Relaxation au sol, de la tête aux pieds :

Le Tao de la relaxation utilise la relaxation allongée ou couchée pour détendre les trois zones importantes du corps : l’avant, le milieu et l’arrière en procédant de la tête vers les mains et les pieds. La relaxation débute chaque fois à la tête pour descendre dans les différentes parties du corps et permettre de libérer les tensions, les douleurs, les émotions négatives et les faire sortir par le bout des doigts et le bout des orteils. Une fois libéré du négatif, le corps peut d’abord recevoir et se remplir des énergies positives de joie et de lumière dorée. Pour se détendre et se relaxer encore plus profondément le corps et l’esprit accueillent la douceur, le calme et la lumière bleue qui se répand dans toutes les cellules.

Relaxation debout :

Le Tao de la relaxation comporte aussi des exercices debout pour délier les tensions, les blocages, les douleurs logés dans l’axe du corps. La posture de Chi Kung (Qi Gong) et la respiration profonde sont à la base de ces exercices. La force est un élément important de la relaxation d’où l’importance des exercices de contraction et de relaxation combinés et alternés pour atteindre la détente. La relaxation debout comporte treize exercices d’éveil énergétiques des zones importantes de tension dans le corps : l’abdomen, les mains, le cou, la gorge, les épaules, la taille, les vertèbres lombaires, la base du sacrum, la colonne vertébrale.

Relaxation par l’automassage de l’énergie :

Le Tao de la relaxation utilise les mains de la personne, après les avoir rechargées, pour activer et taper diverses zones importantes du corps. Les mains et les bras sont activés par la rotation de la taille pour frapper sur les hanches, le pubis, les angles du colon, les divers organes internes dans les zones avant et arrière du corps et stimuler ainsi l’énergie vitale et l’activité interne.
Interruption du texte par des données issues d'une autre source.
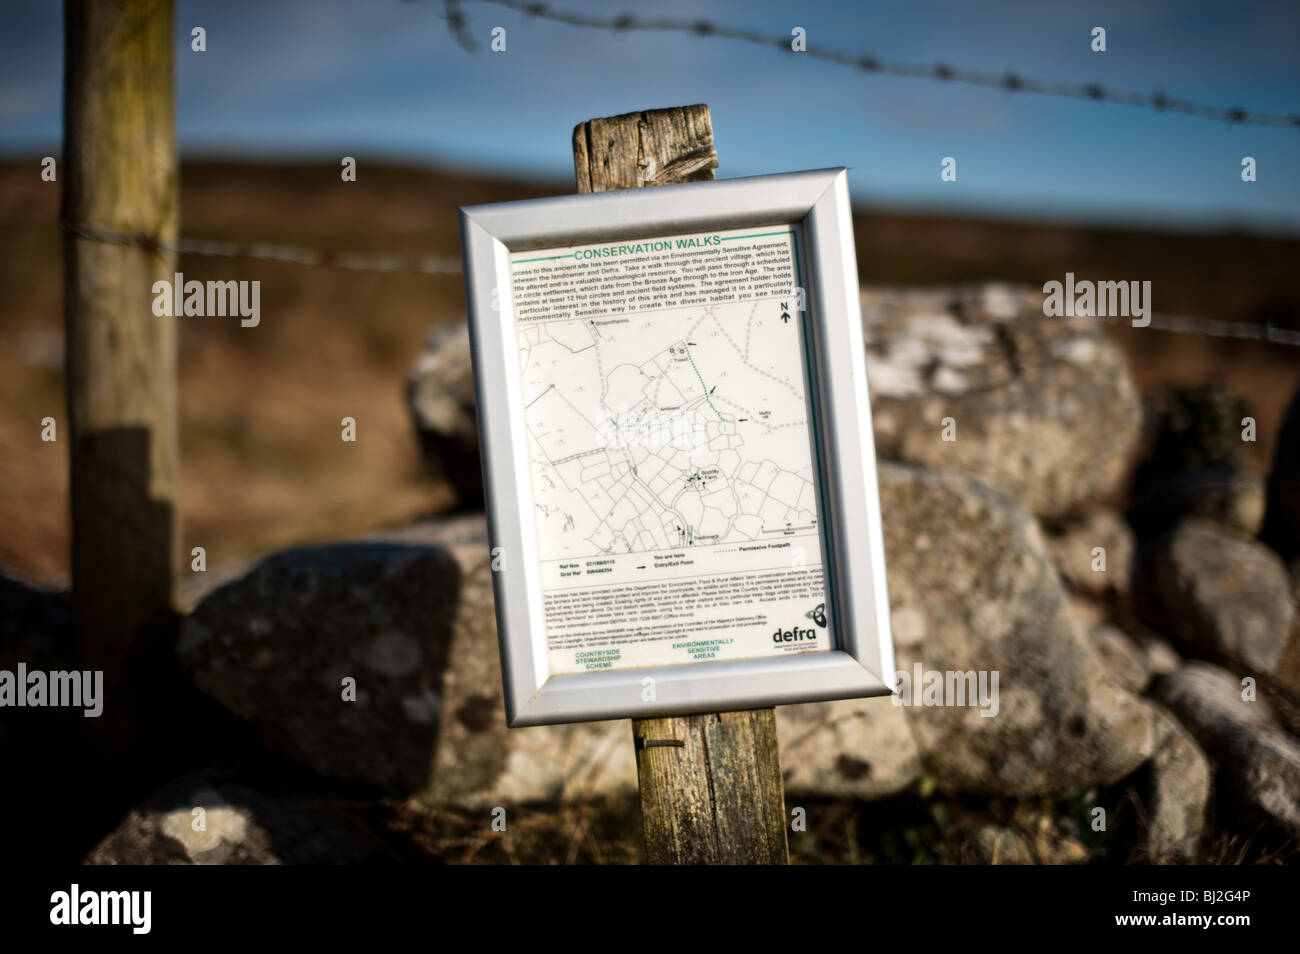 Defra sign in the Cornish countryside giving information about conservation walks Stock Photo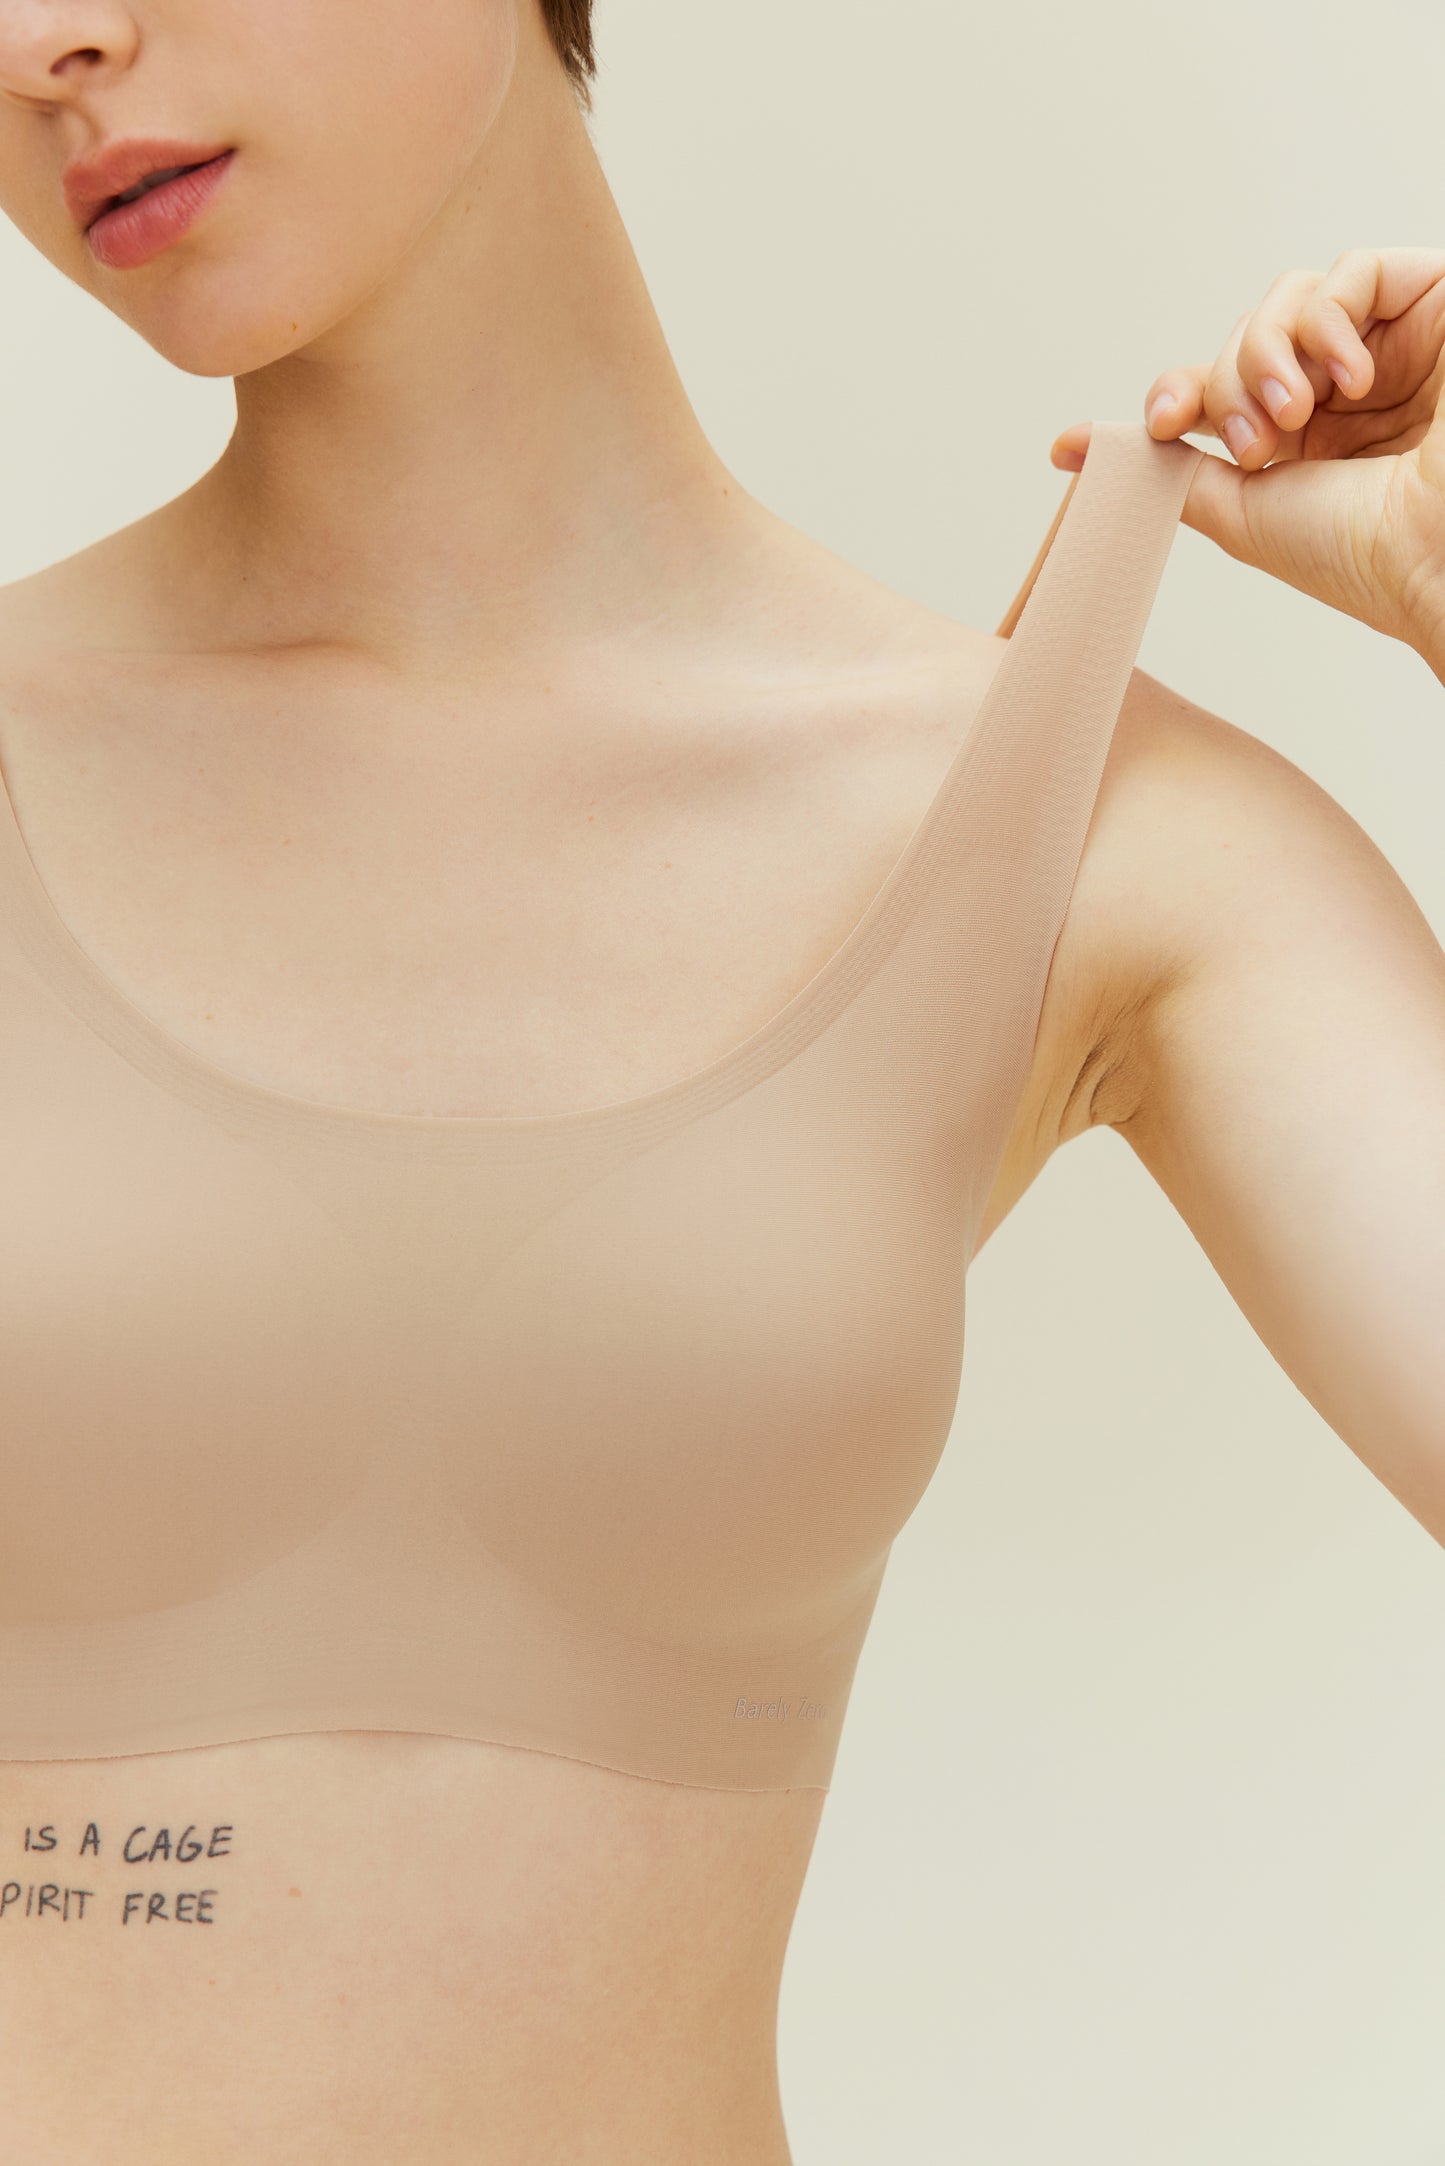 A young woman wearing a Barely Zero Classic Bra in beige

La relaxation par l’automassage de l’énergie agit aussi par la rotation de la taille et l’utilisation des poings fermés sur l’activation simultanée des points de l’avant et du dos de l’orbite microcosmique pour équilibrer et stimuler les énergies des glandes et des organes correspondants.

Relaxation des organes internes ou harmonisation des émotions :

Le Tao de la relaxation utilise aussi les pratiques du Tao des émotions pour libérer les tensions, les stress créés par les émotions négatives. Le sourire intérieur transforme les émotions négatives des organes en énergie positive et augmente ainsi la vitalité des organes et des parties du corps qui en dépendent selon leurs correspondances énergétiques. D’autres pratiques taoïstes servent aussi à épurer et à transformer les émotions négatives, les déséquilibres énergétiques en émotions et en énergies positives, comme les Six Sons de la Santé. La relaxation est la conséquence et le résultat de ces transformations des tensions et des émotions négatives logées dans les organes internes en émotions positives. Les organes internes sont comme des centrales électriques qui lorsqu’elles sont pleines permettent de diffuser l’électricité ou l’énergie dans les régions ou les zones desservies. La relaxation des organes internes permet de rester calme et centré et de s’agiter ou de s’activer à l’extérieur sans se stresser à l’intérieur.